Hm, in ANALYZE, there’s a huge mismatch between filtered (0%) and r_filtered (100%):

MariaDB [factgridwikidata]> ANALYZE SELECT DISTINCT ct_tag_id FROM factgridchange_tag WHERE ct_tag_id IN (1);
+------+-------------+--------------------+------+---------------+--------------+---------+-------+---------+------------+----------+------------+-------------+
| id   | select_type | table              | type | possible_keys | key          | key_len | ref   | rows    | r_rows     | filtered | r_filtered | Extra       |
+------+-------------+--------------------+------+---------------+--------------+---------+-------+---------+------------+----------+------------+-------------+
|    1 | SIMPLE      | factgridchange_tag | ref  | ct_tag_id_id  | ct_tag_id_id | 4       | const | 3379541 | 7613186.00 |     0.00 |     100.00 | Using index |
+------+-------------+--------------------+------+---------------+--------------+---------+-------+---------+------------+----------+------------+-------------+
1 row in set (2.752 sec)

I wonder if this is because filtering by ct_tag_id=1 is much less selective than MariaDB thinks it will be? (Though it’s expecting to read 3.4 million rows, so it doesn’t sound like it expects it to be hugely selective either.) It’s the most common tag in the table by an order of magnitude:

MariaDB [factgridwikidata]> SELECT ct_tag_id, COUNT(*) FROM factgridchange_tag GROUP BY ct_tag_id;
+-----------+----------+
| ct_tag_id | COUNT(*) |
+-----------+----------+
|         1 |  7613186 |
|         2 |      390 |
|         3 |     5356 |
|         4 |     6375 |
|         5 |      138 |
|         6 |        2 |
|         7 |       47 |
|         8 |      214 |
|         9 |     3662 |
|        10 |    51892 |
|        11 |   108638 |
|        12 |      916 |
|        13 |      109 |
+-----------+----------+
13 rows in set (1.889 sec)

And according to r_rows, MariaDB actually read all those rows from the index, rather than skipping to the next ct_tag_id because of the DISTINCT?
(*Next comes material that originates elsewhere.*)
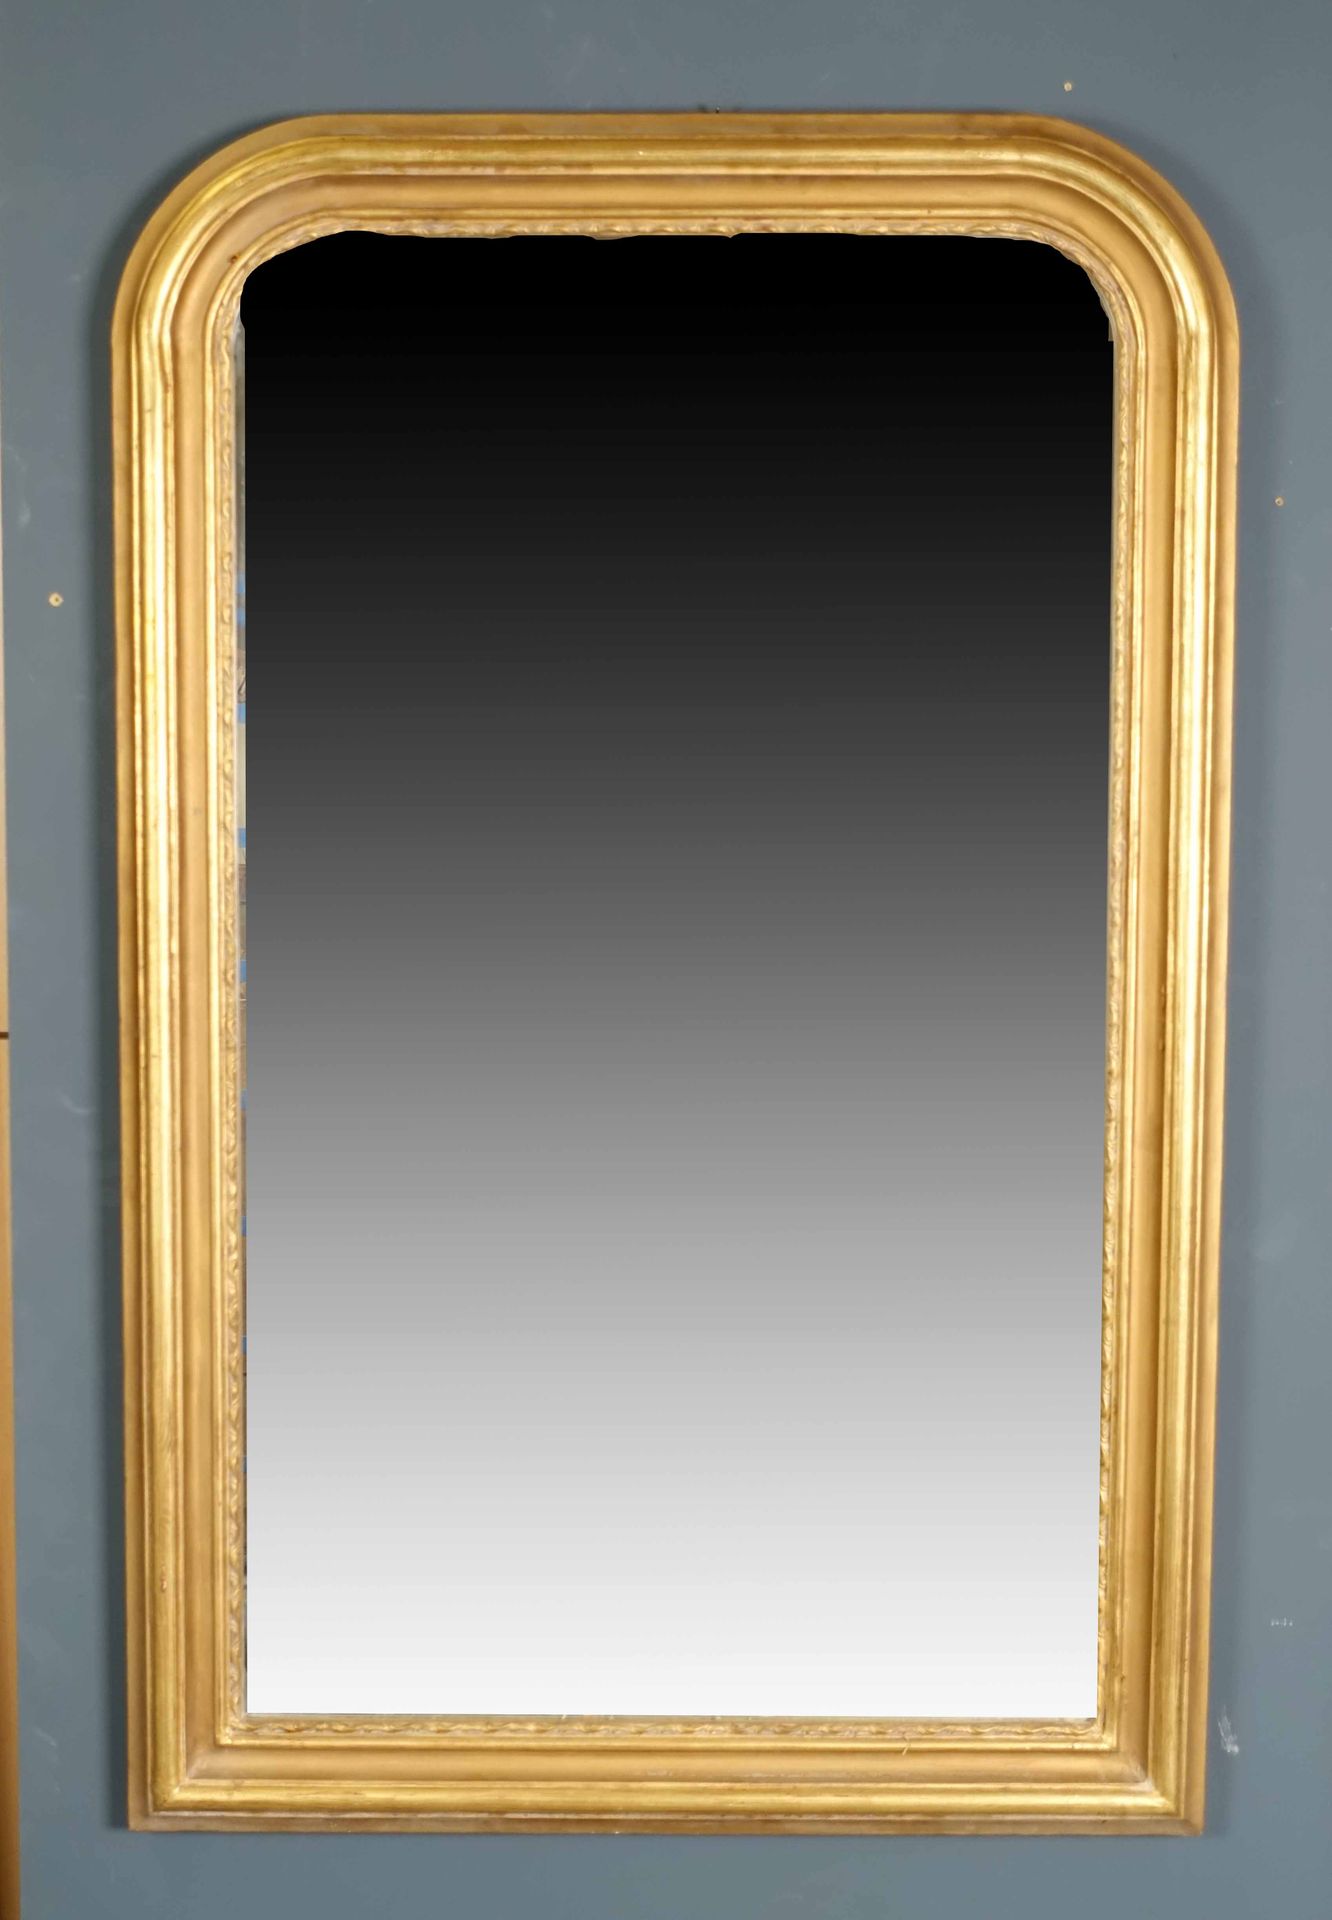 Miroir de Cheminée. Marco moldeado. Madera dorada. Tamaño : 137 x 91 cm.

Right, sorry, I misunderstood, I thought the query is reading from change_tag_def. Yeah that looks pretty bad.

I don't think we really need this query. We can just check change_tag_def.ctd_count instead. Just replace all the changeTagDefStore->getId() calls with a call to ChangeTagsStore::tagUsageStatistics() and intersect that with the result from the previous query.
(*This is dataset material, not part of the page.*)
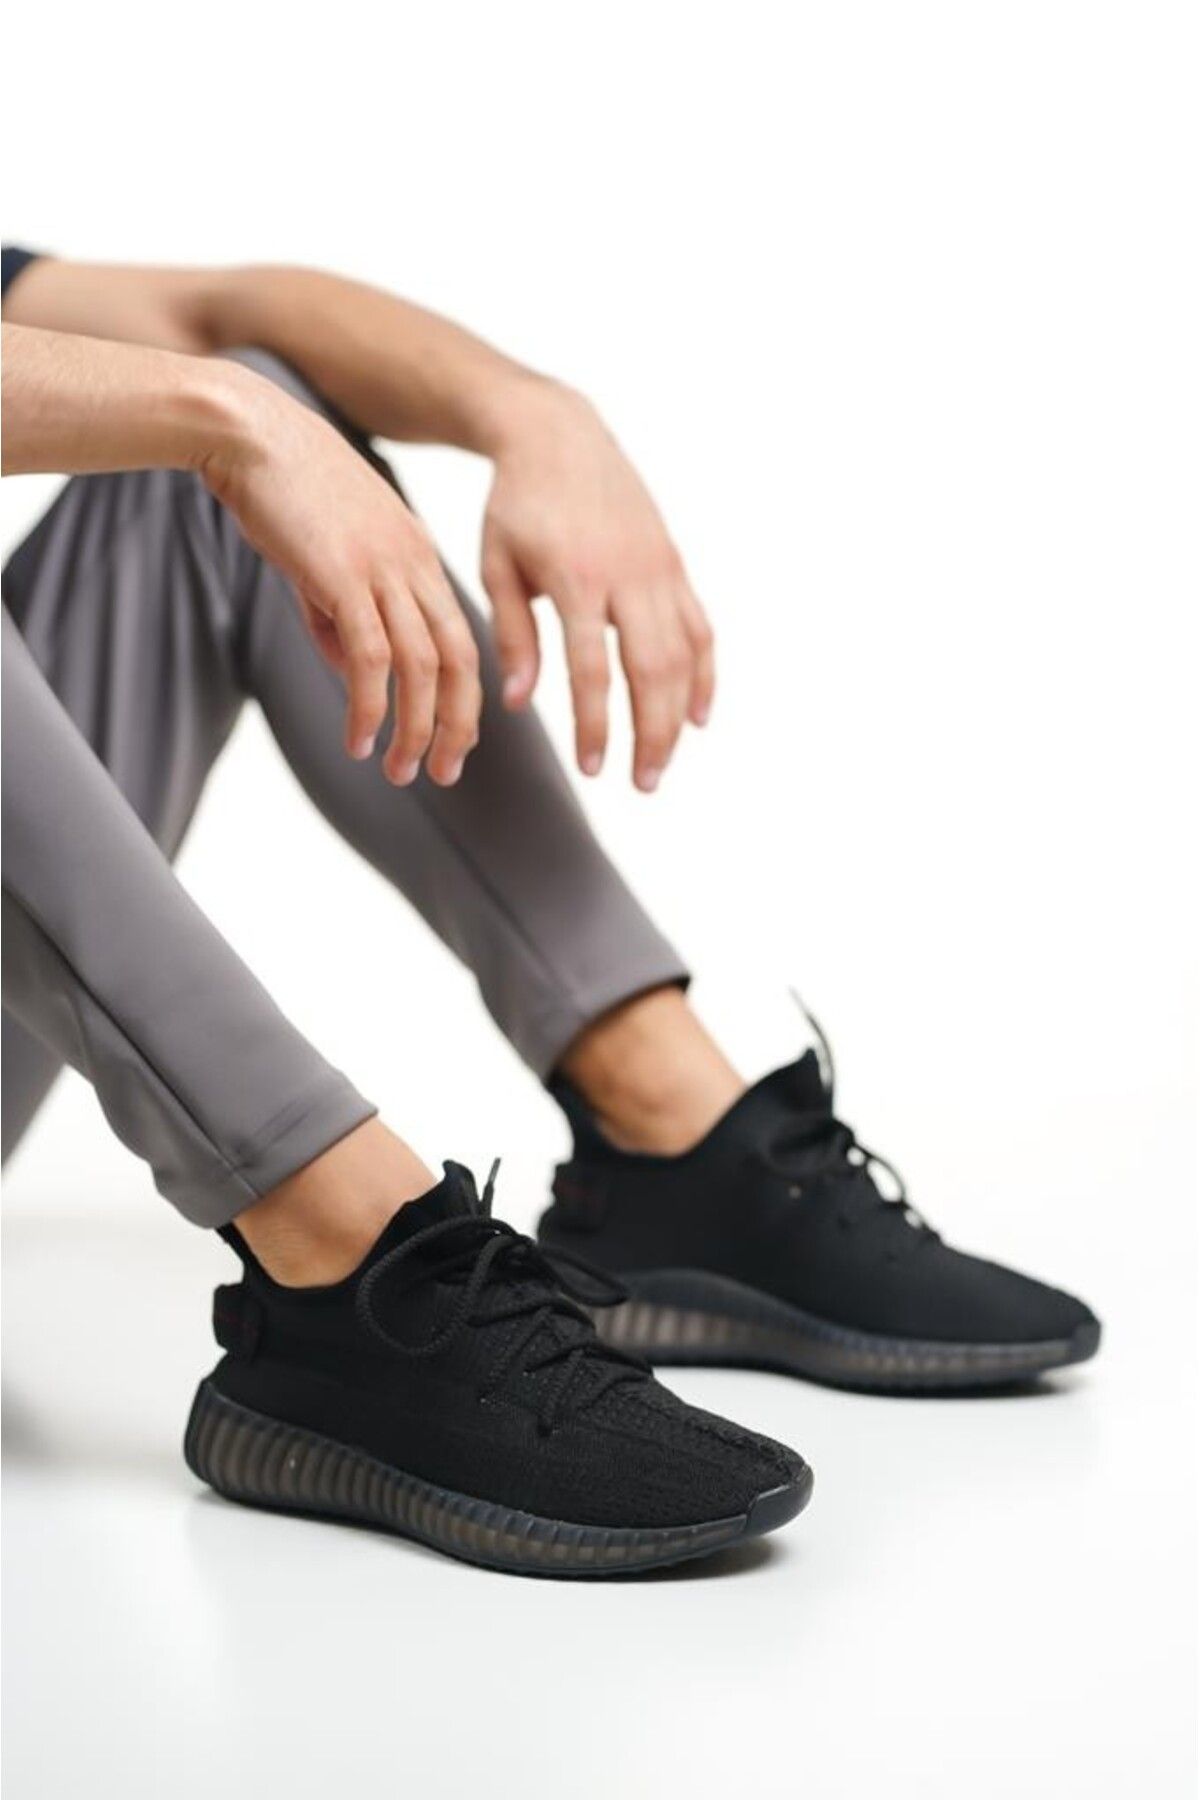 BOA BA0591 Tarz Sneakers Ithal Siyah Triko Rahat Taban Spor Ayakkabısı

(That will add a delay to new tags showing up on Special:Tags but IMO that's fine.)

I don't think we really need this query. We can just check change_tag_def.ctd_count instead. Just replace all the changeTagDefStore->getId() calls with a call to ChangeTagsStore::tagUsageStatistics() and intersect that with the result from the previous query.

That sounds like a good idea – I’ll see if I can put a patch together later. Thanks!

I’ve also just uploaded an SQL dump of the table in question (I don’t think there’s anything in it that shouldn’t be public), and it looks like I can reproduce the issue in the official Docker images:

terminal A
sudo docker run --rm --env MARIADB_ROOT_PASSWORD=root --name=T370578 mariadb:10.5.23
terminal B
$ sudo docker exec -i T370578 mariadb -uroot -proot <<< 'CREATE DATABASE IF NOT EXISTS T370578; USE T370578;'
$ curl -sL 'https://tmp.lucaswerkmeister.de/factgridchange_tag-T370578.sql.gz' | zcat | sudo docker exec -i T370578 mariadb -uroot -proot
$ time sudo docker exec -i T370578 mariadb -uroot -proot <<< 'SELECT DISTINCT ct_tag_id FROM T370578.factgridchange_tag WHERE ct_tag_id IN (1);'
ct_tag_id
1

real    0m0,840s
user    0m0,007s
sys     0m0,005s
$ time sudo docker exec -i T370578 mariadb -uroot -proot <<< 'SELECT DISTINCT ct_tag_id FROM T370578.factgridchange_tag WHERE ct_tag_id IN (1) LIMIT 1;'
ct_tag_id
1

real    0m0,092s
user    0m0,000s
sys     0m0,011s

(0.8 seconds rather than 2 seconds because my desktop is a bit faster than the server in question. But you can still see the big difference between the versions with and without LIMIT.) I’ll try out later if it’s still reproducible with the latest images.

It looks like the problem is already fixed since MariaDB 10.6.0, but remains reproducible in 10.5.25 (the latest patch release in the 10.5 series so far).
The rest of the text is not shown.